Vous êtes sociologue, directeur de recherches au CNRS

Vous avez débuté votre carrière par une thèse sur le statut du peintre et de l’artiste au XVIIe siècle sous la direction de Pierre Bourdieu et avec l’appui vigilant de Louis Marin. Cette thèse a donné lieu à un livre : Du peintre à l’artiste. Artisans et académiciens à l’âge classique publiée quelquesannées plus tard aux éditions de Minuit

Vous vous étiez signalée entre-temps par un livre majeur sur Van Gogh, figure emblématique de l’art moderne. Son titre, La Gloire de Van Gogh. Essai d’anthropologie de l’admiration, indique clairement la démarche originale que vous adoptiez : étudier la réception exceptionnelle d’une œuvre qui aboutit à la production d’un véritable mythe moderne. 
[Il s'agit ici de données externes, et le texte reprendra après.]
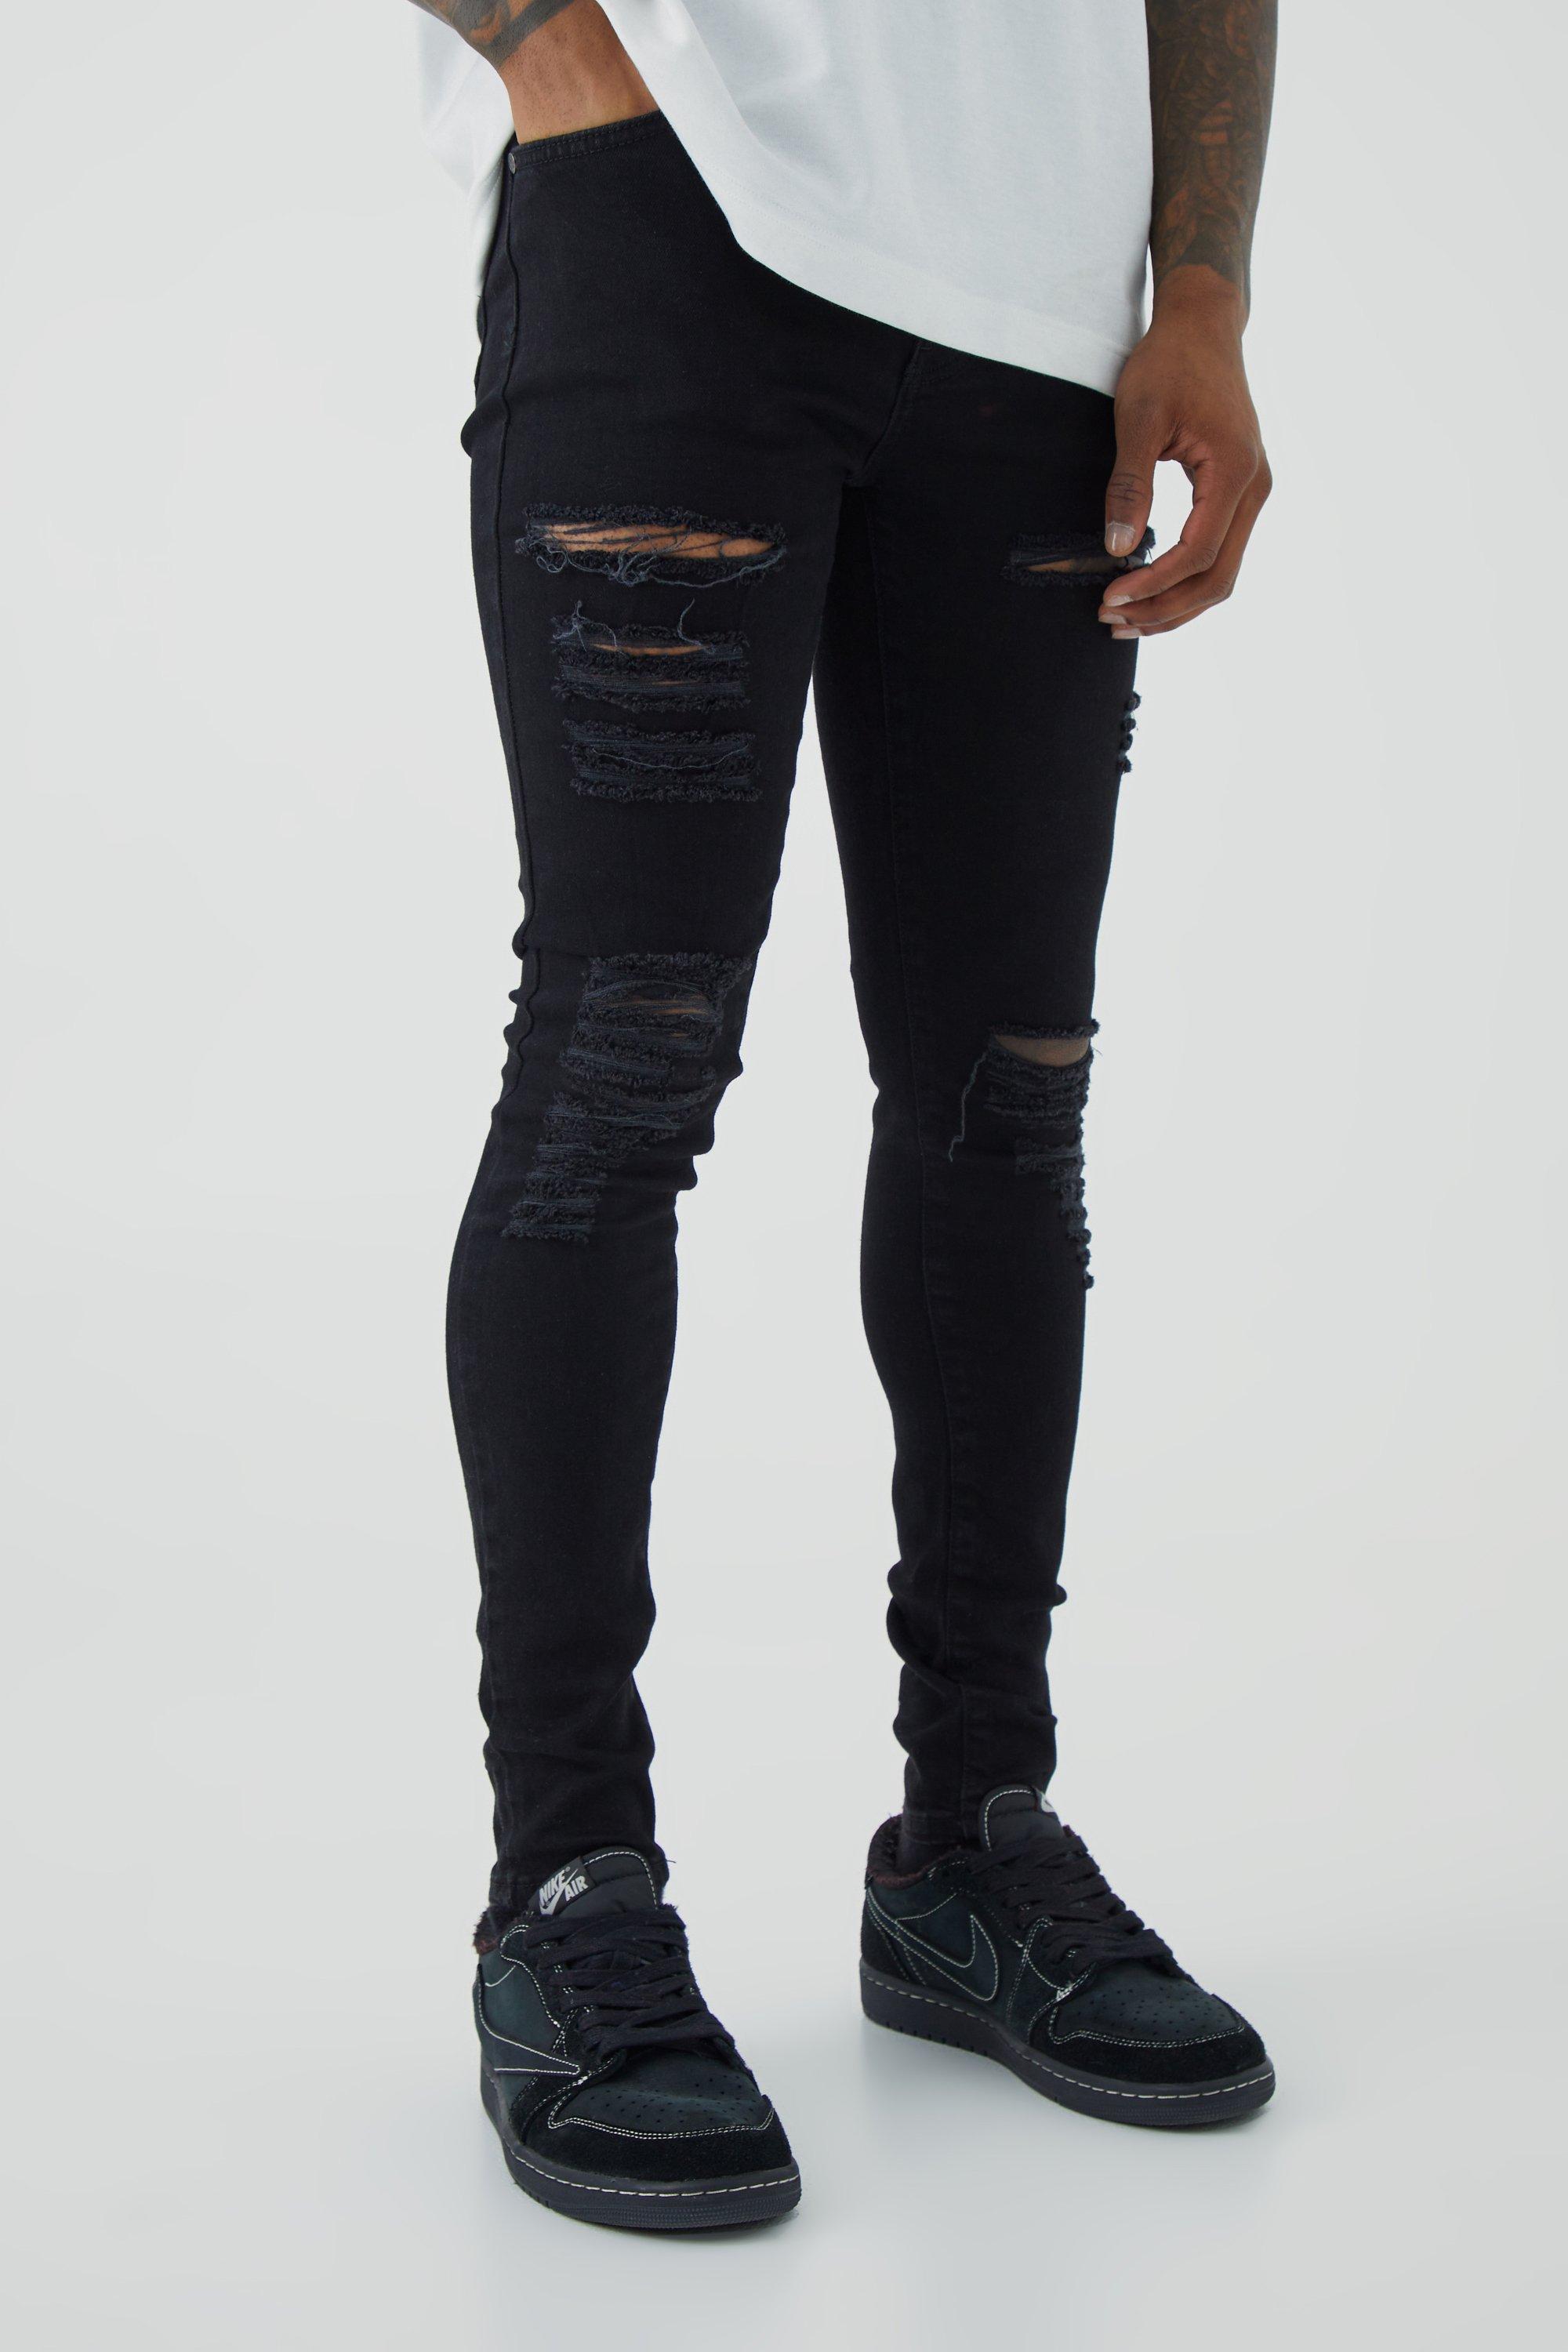 ASOS DESIGN flare jeans in black leather look

Plus tard votre attention s’est portée sur l’art contemporain auquel vous avez consacré plusieurs ouvrages : Le Triple jeu de l’art contemporain. Sociologie des arts plastiques, L’Art contemporain exposé aux rejets. Étude de cas et L’Art en conflits. L’œuvre de l’esprit entre droit et sociologie. À l’occasion des controverses entre admirateurs et détracteurs de l’art contemporain vous avez pu mesurer l’importance de la distinction à effectuer entre le vocabulaire de description (des œuvres et des positions en conflits) et le vocabulaire critique, inévitablement investi par les affects, les partis- pris et les systèmes de valeurs des acteurs impliqués. 

Toujours dans le cadre de votre travail de sociologue, vous vous êtes intéressée à la littérature. Et ceci de plusieurs manières. 

Vous avez étudié la place de la femme dans la littérature romanesque dans un ouvrage intitulé États de femmes. L’identité féminine dans la fiction occidentale, qui retrace les changements intervenus à l’époque moderne, à la fois dans la condition féminine et dans le rapport des femmes à l’expression, notamment à l’expression littéraire. 

De plus, dans une démarche analogue à celle qui concernait les peintres et les artistes, vous avez exploré le statut de l’écrivain moderne à travers deux livres consacrés l’un aux effets des prix littéraires sur la destinée de leurs lauréats (L’épreuve de la grandeur. Prix littéraires et reconnaissance), l’autre à la condition d’écrivain et au sens donné à l’engagement dans l’écriture (Être écrivain. Création et identité)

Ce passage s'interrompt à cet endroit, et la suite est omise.